- [Data below]
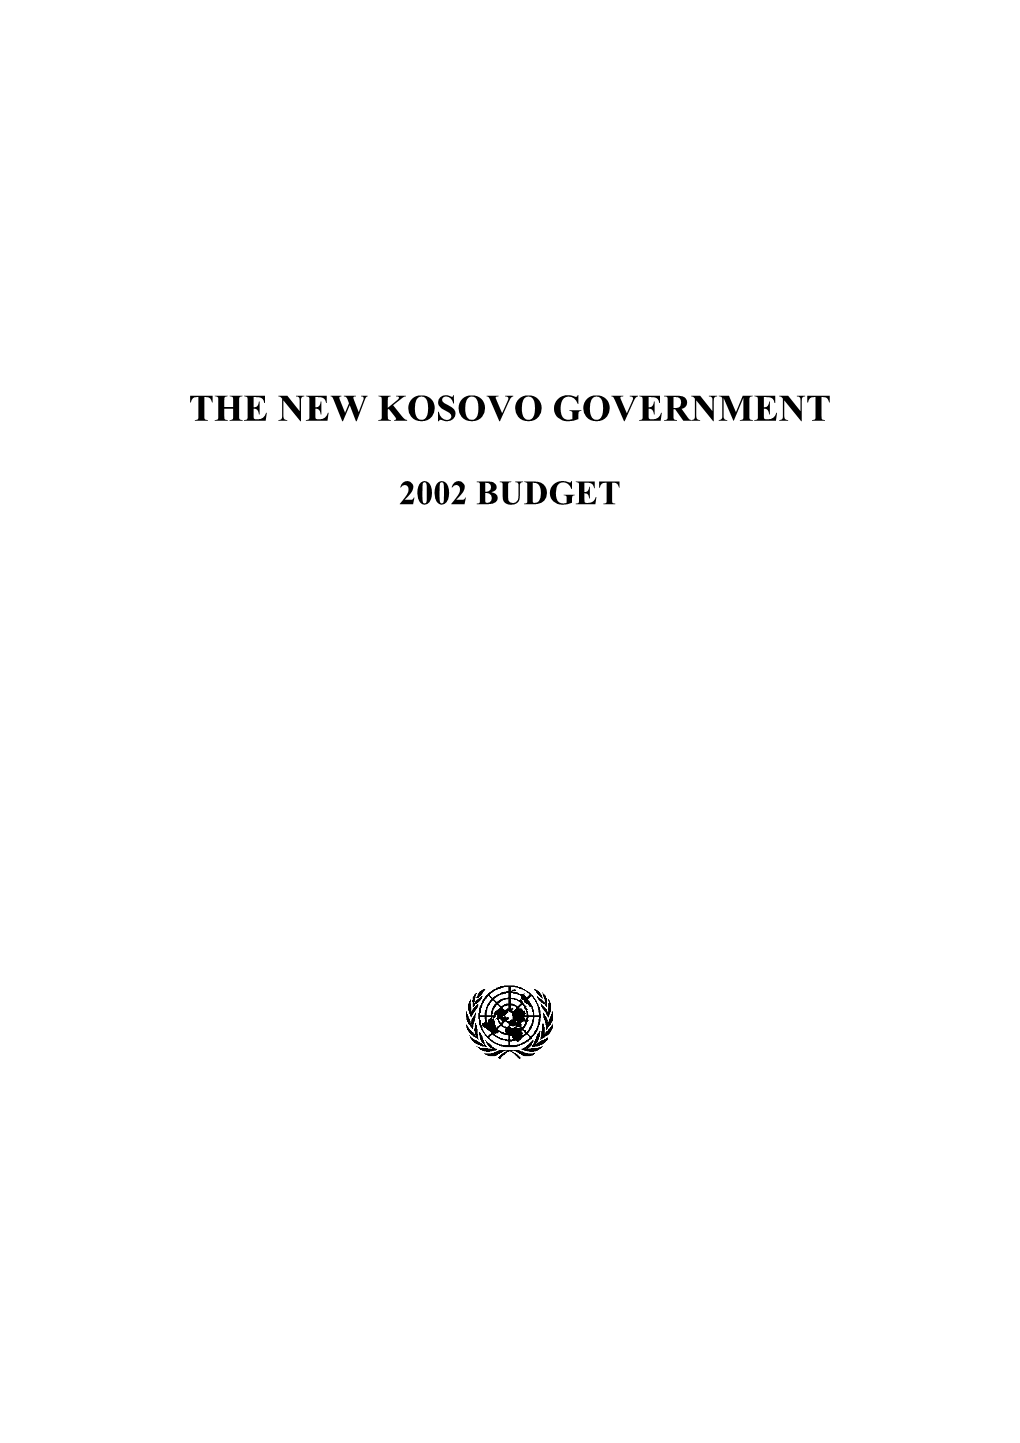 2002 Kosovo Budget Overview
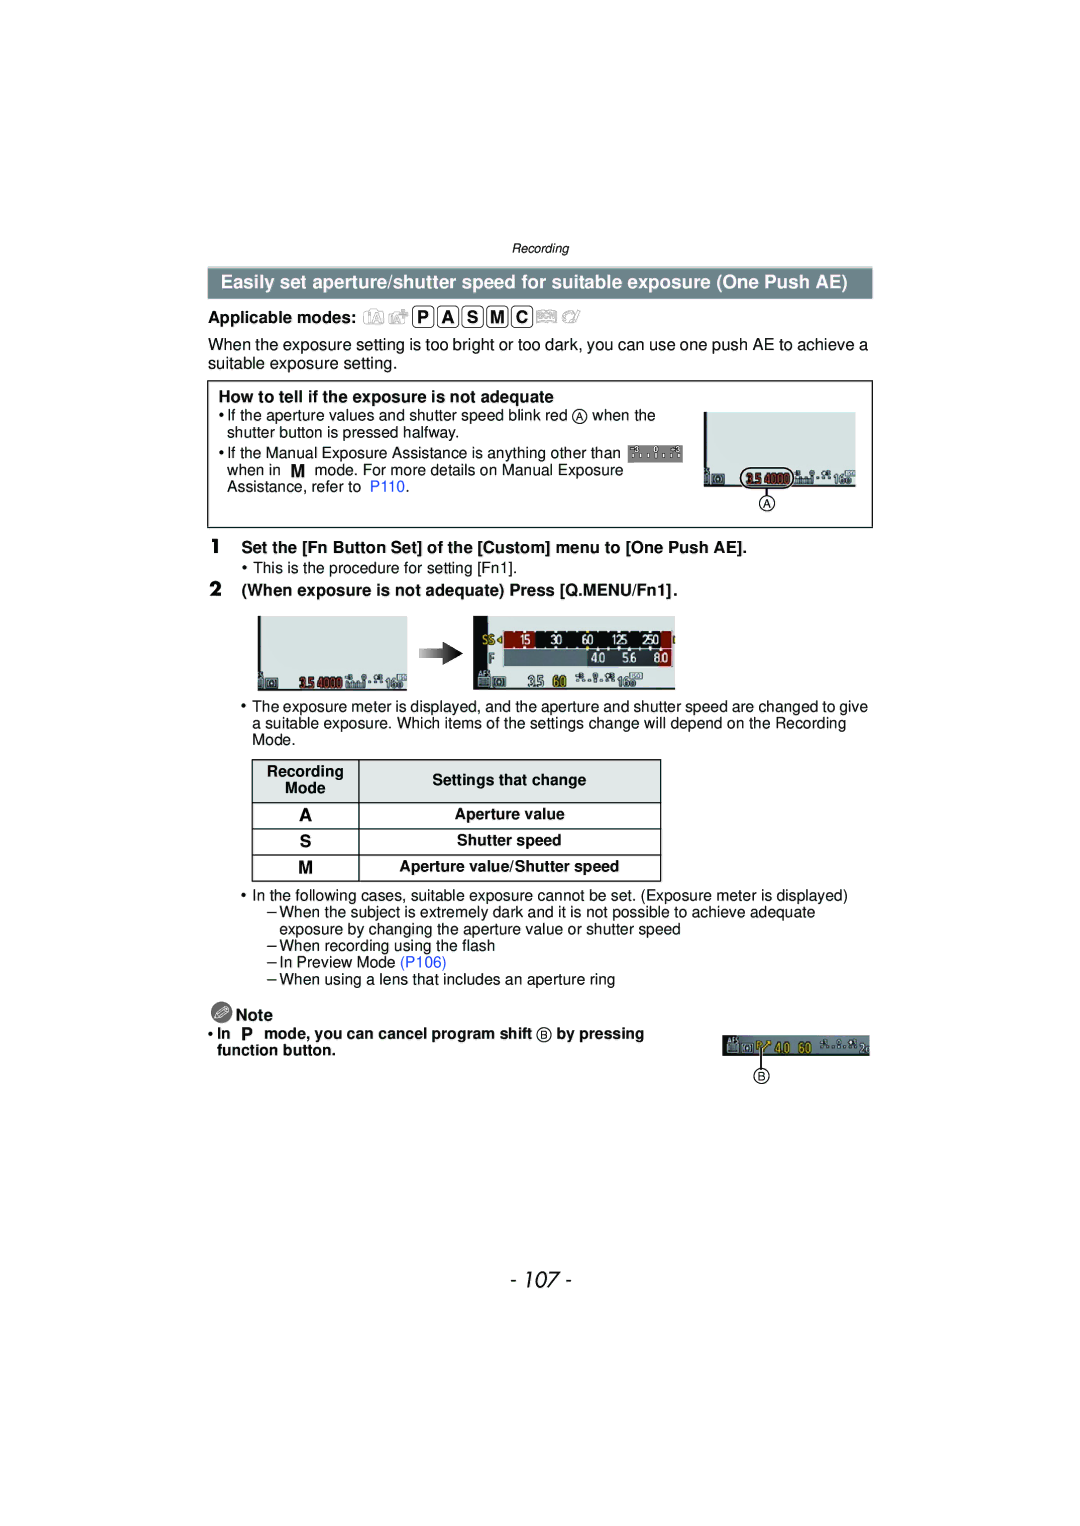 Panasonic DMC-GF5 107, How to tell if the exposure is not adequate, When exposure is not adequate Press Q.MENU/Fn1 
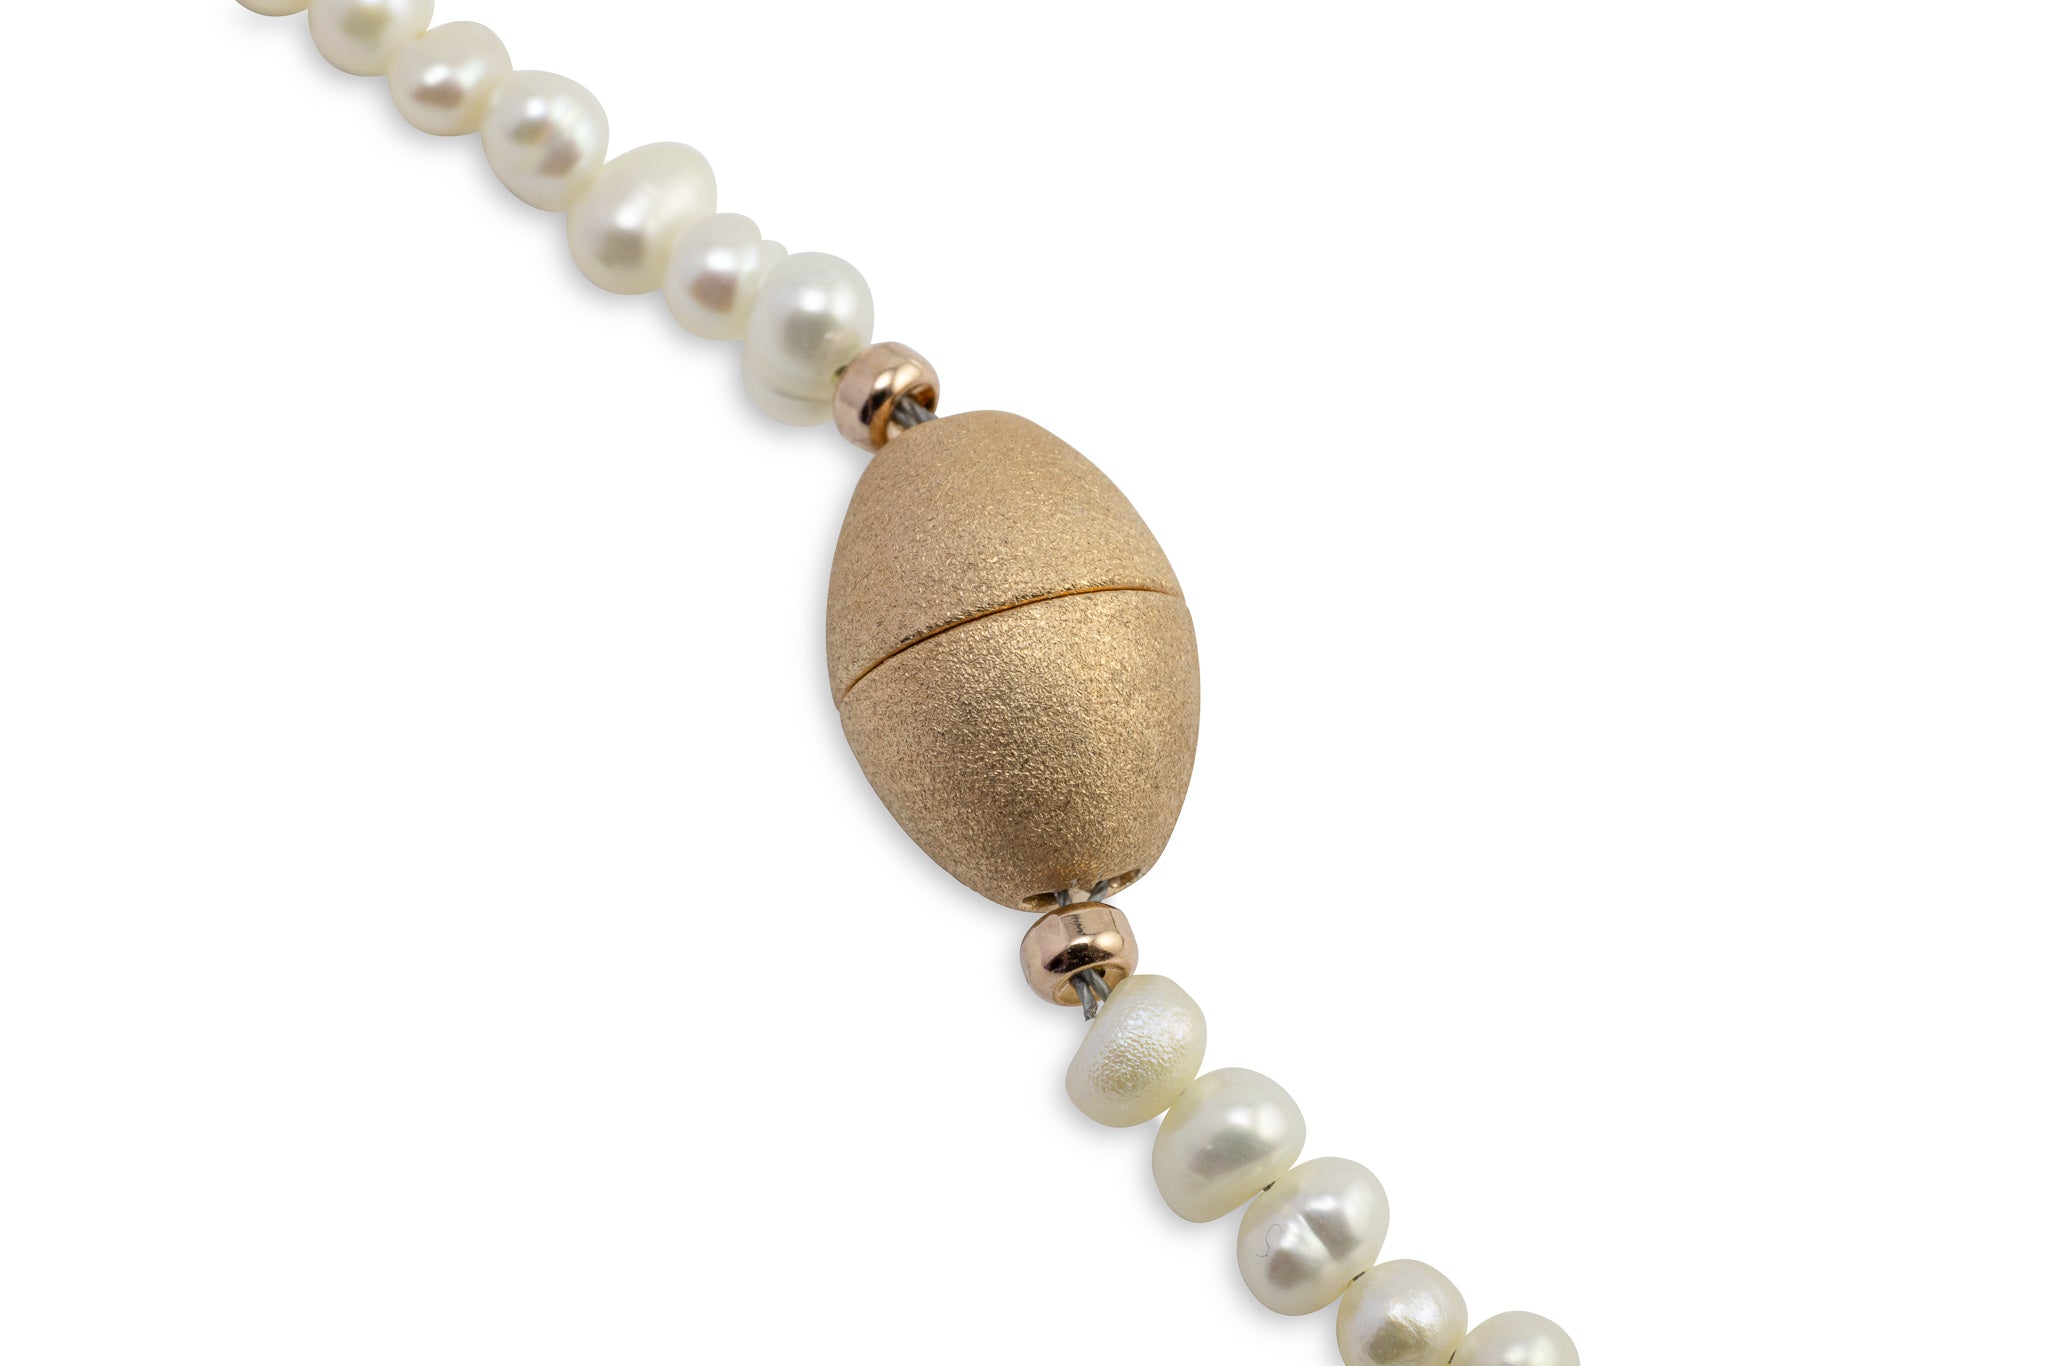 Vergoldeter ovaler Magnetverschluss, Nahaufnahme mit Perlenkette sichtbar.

- [What to work on] Apart from the pictures, all of the data should be repeated exactly.

- [Worked solution]
 2002 Kosovo Budget Overview
 Panasonic DMC-GF5 107, How to tell if the exposure is not adequate, When exposure is not adequate Press Q.MENU/Fn1 
 Vergoldeter ovaler Magnetverschluss, Nahaufnahme mit Perlenkette sichtbar.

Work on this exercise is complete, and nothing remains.